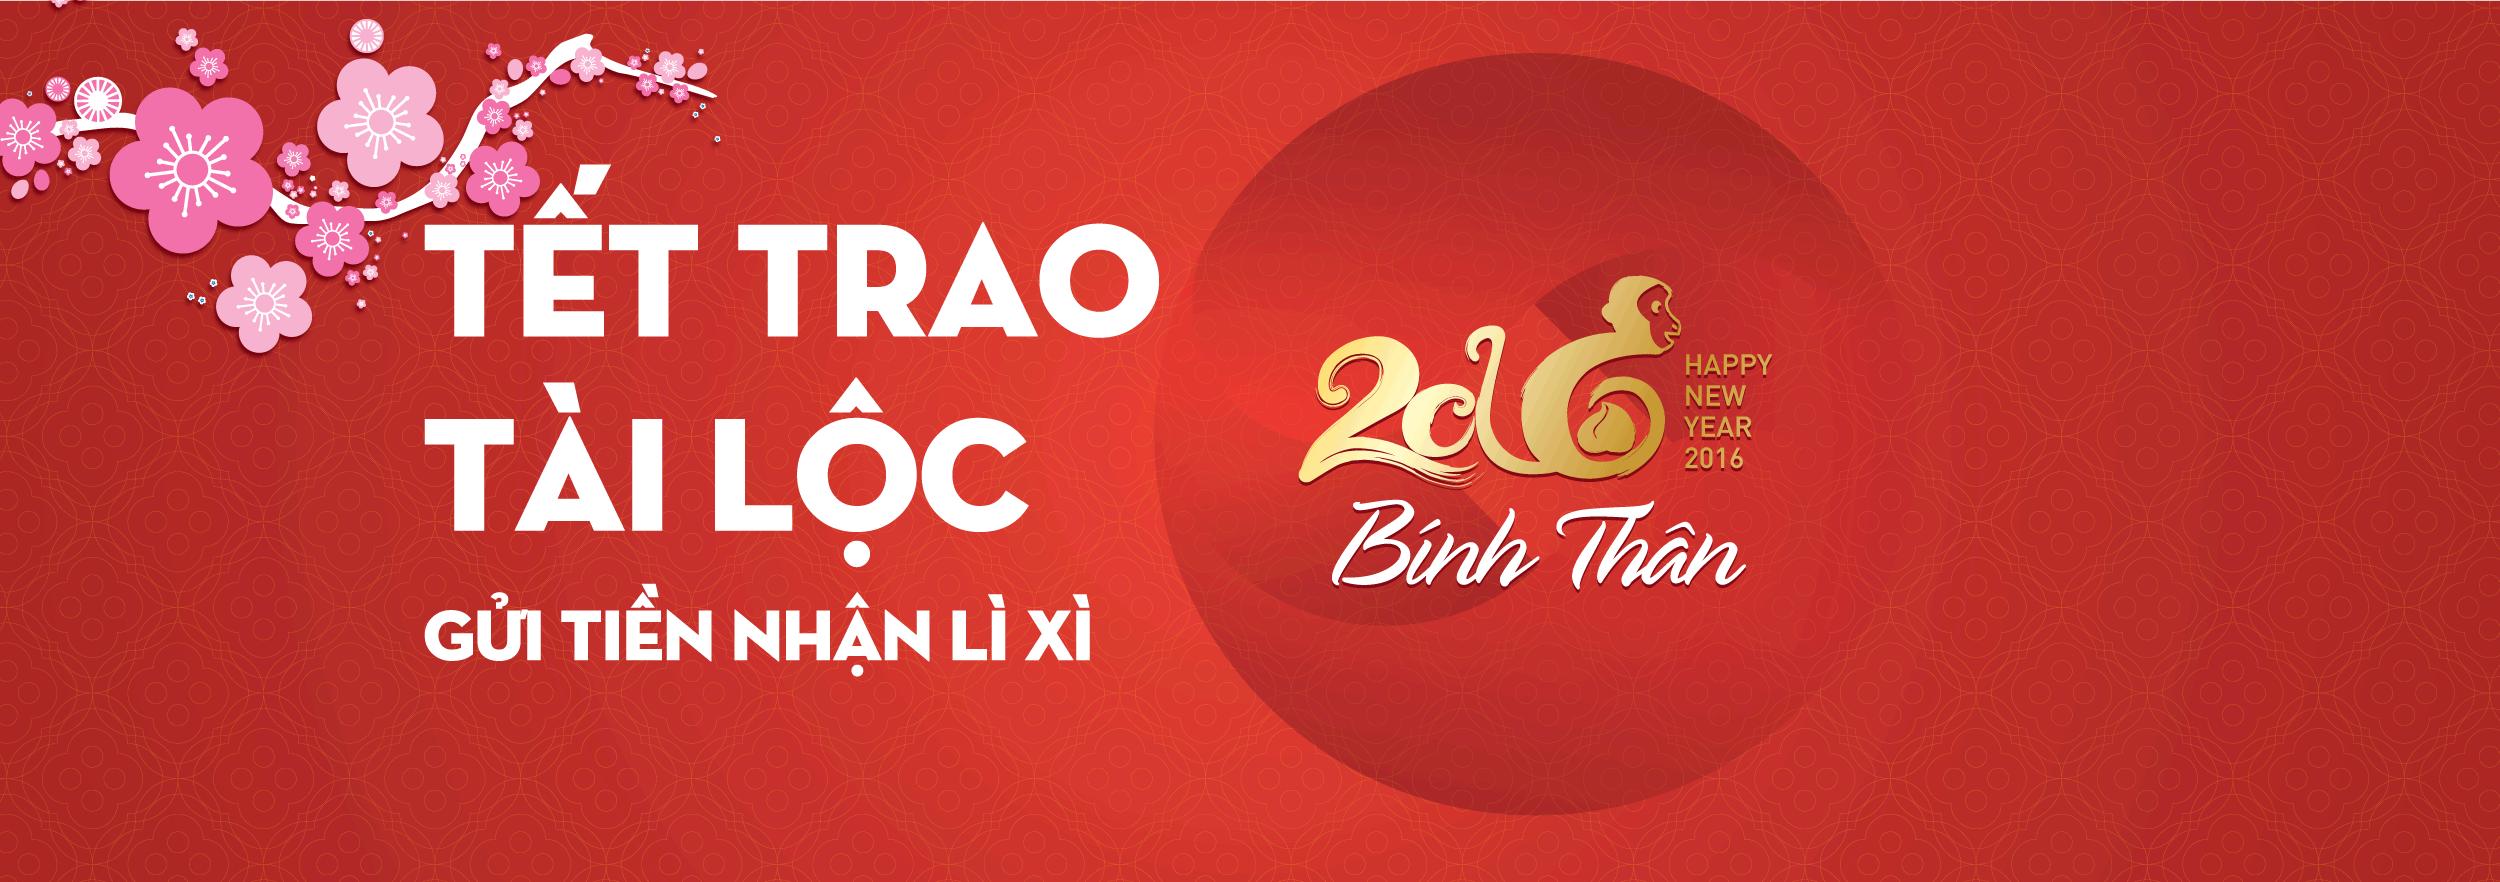 Tết trao tài lộc, NCB tri ân khách hàng nhân dịp Tết Bính Thân 2016
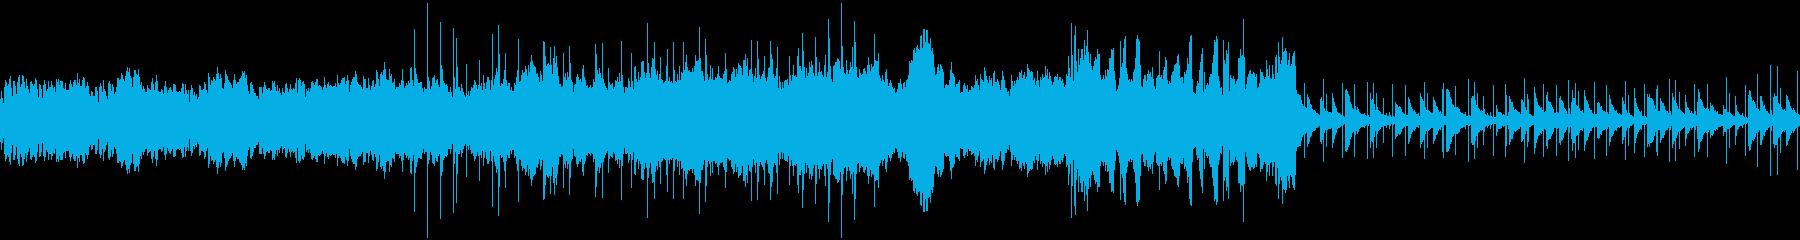 切ない感じのオーボエと弦の再生済みの波形
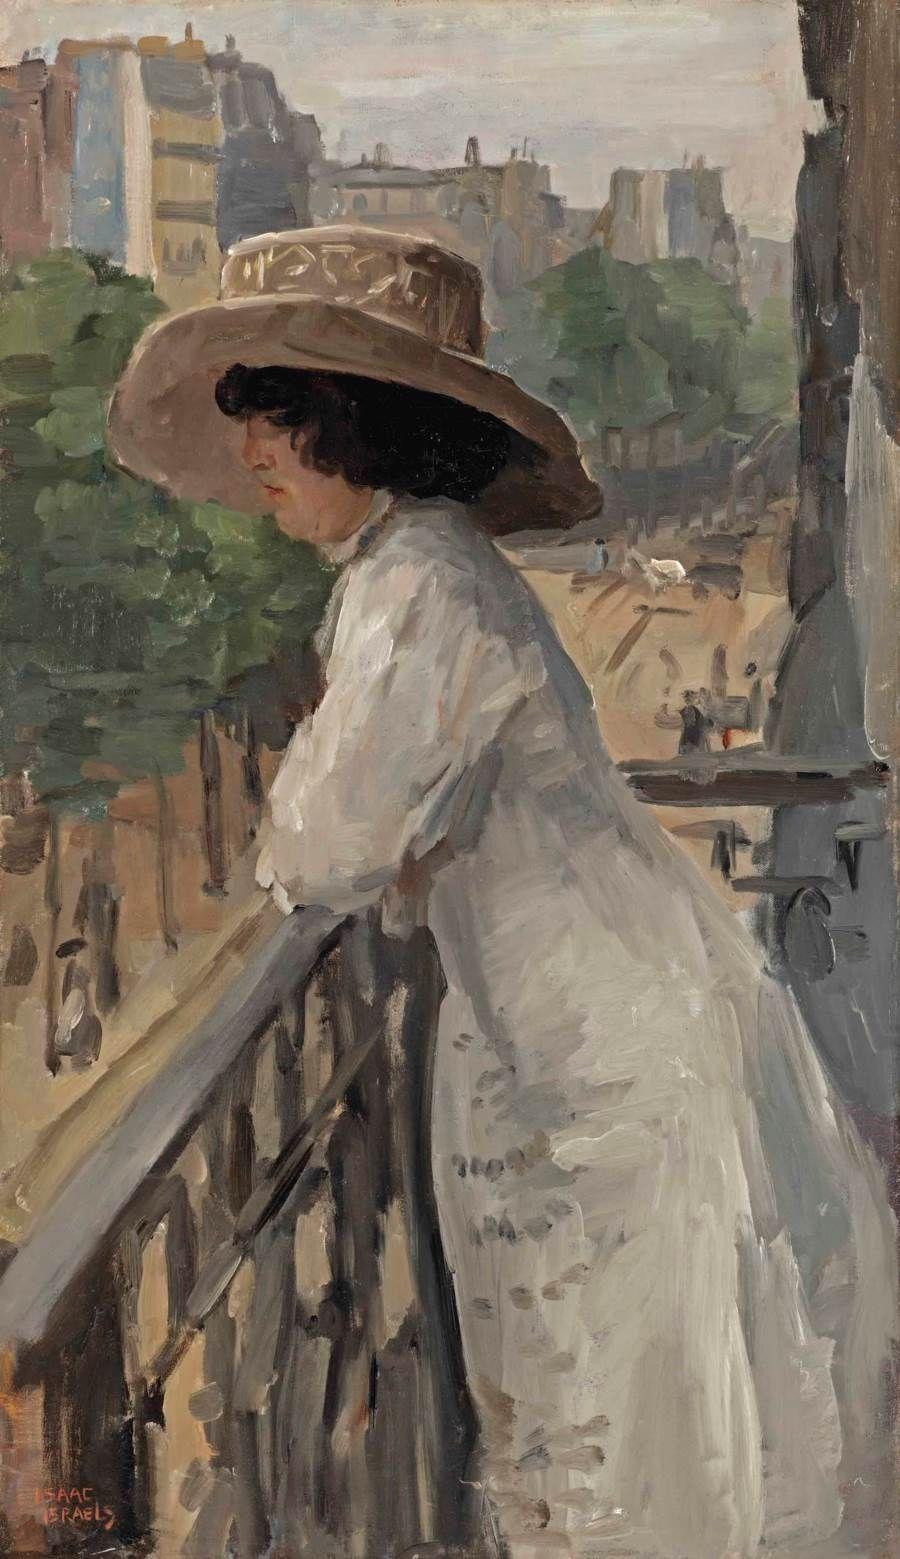 Isaac Israels (Amsterdam 1865- | Pinturas impresionistas, Pintura y  escultura, Pintores holandeses
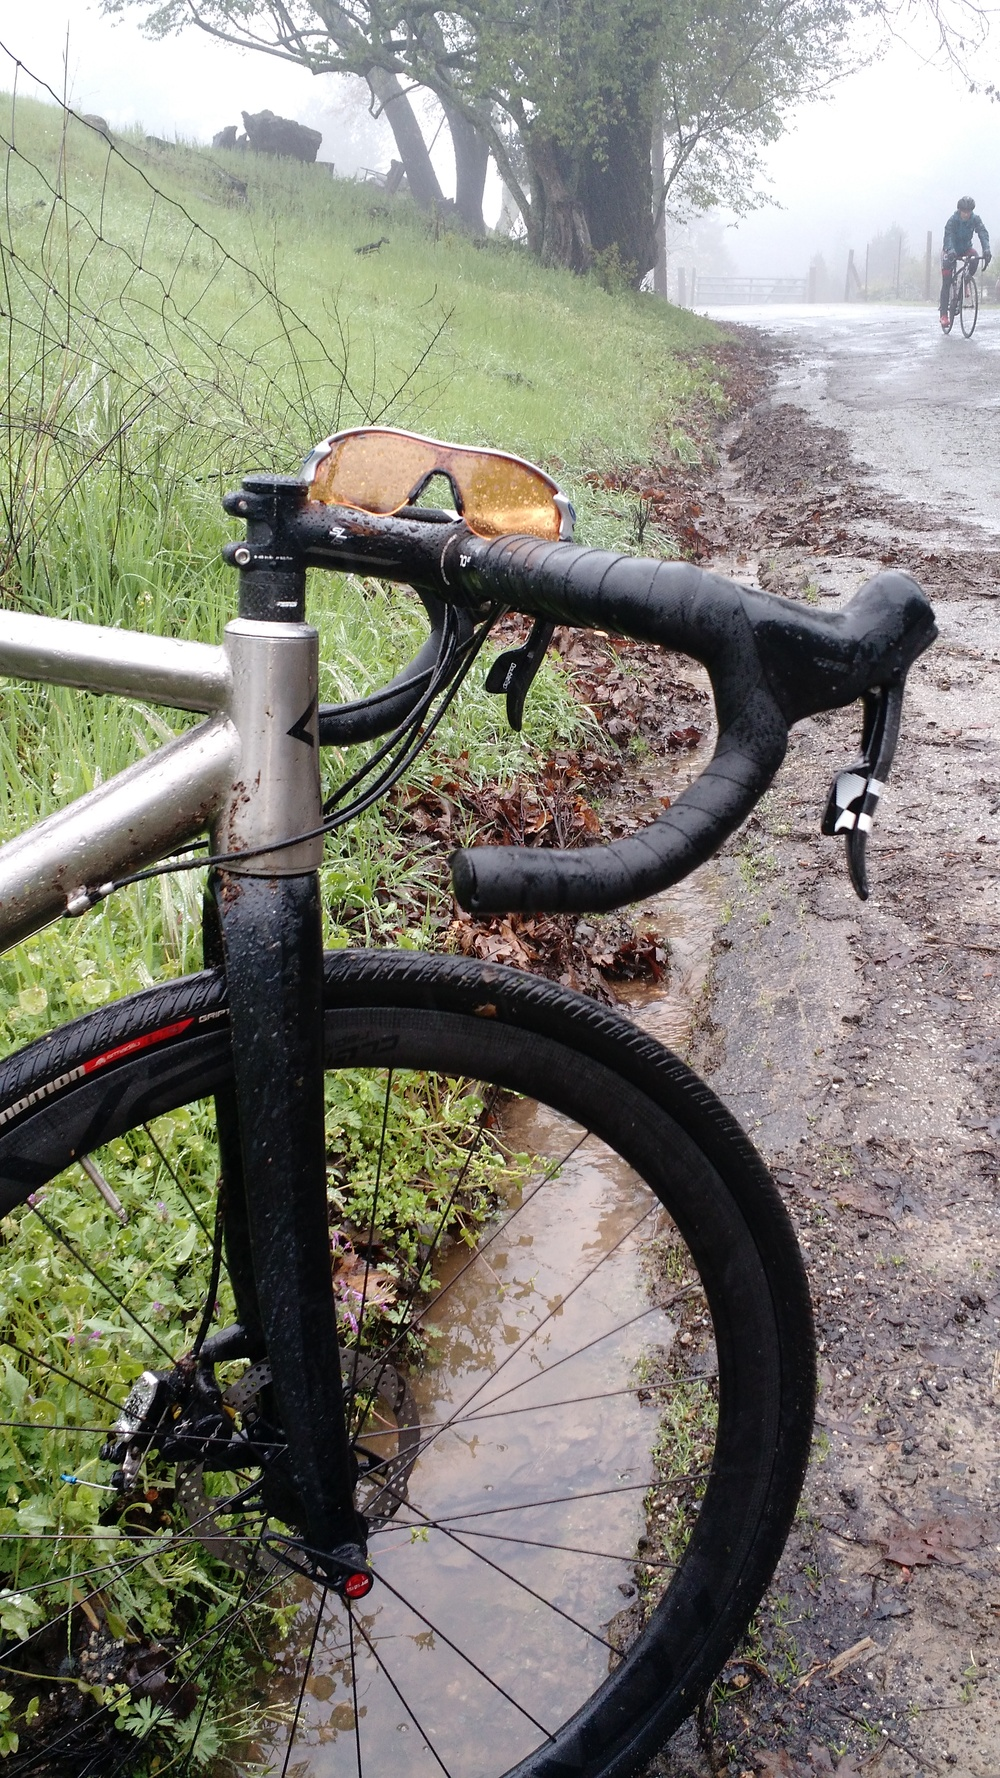 Riding in the rain, Mountain Charlie, Santa Cruz

▶ [EXERCISE REQUIREMENTS]:
Everything in the listing above must be retyped exactly, except for the pictures.

▶ [YOUR RESPONSE]:
 Tết trao tài lộc, NCB tri ân khách hàng nhân dịp Tết Bính Thân 2016
 切ない感じのオーボエと弦の再生済みの波形
 Isaac Israels (Amsterdam 1865- | Pinturas impresionistas, Pintura y  escultura, Pintores holandeses
 Riding in the rain, Mountain Charlie, Santa Cruz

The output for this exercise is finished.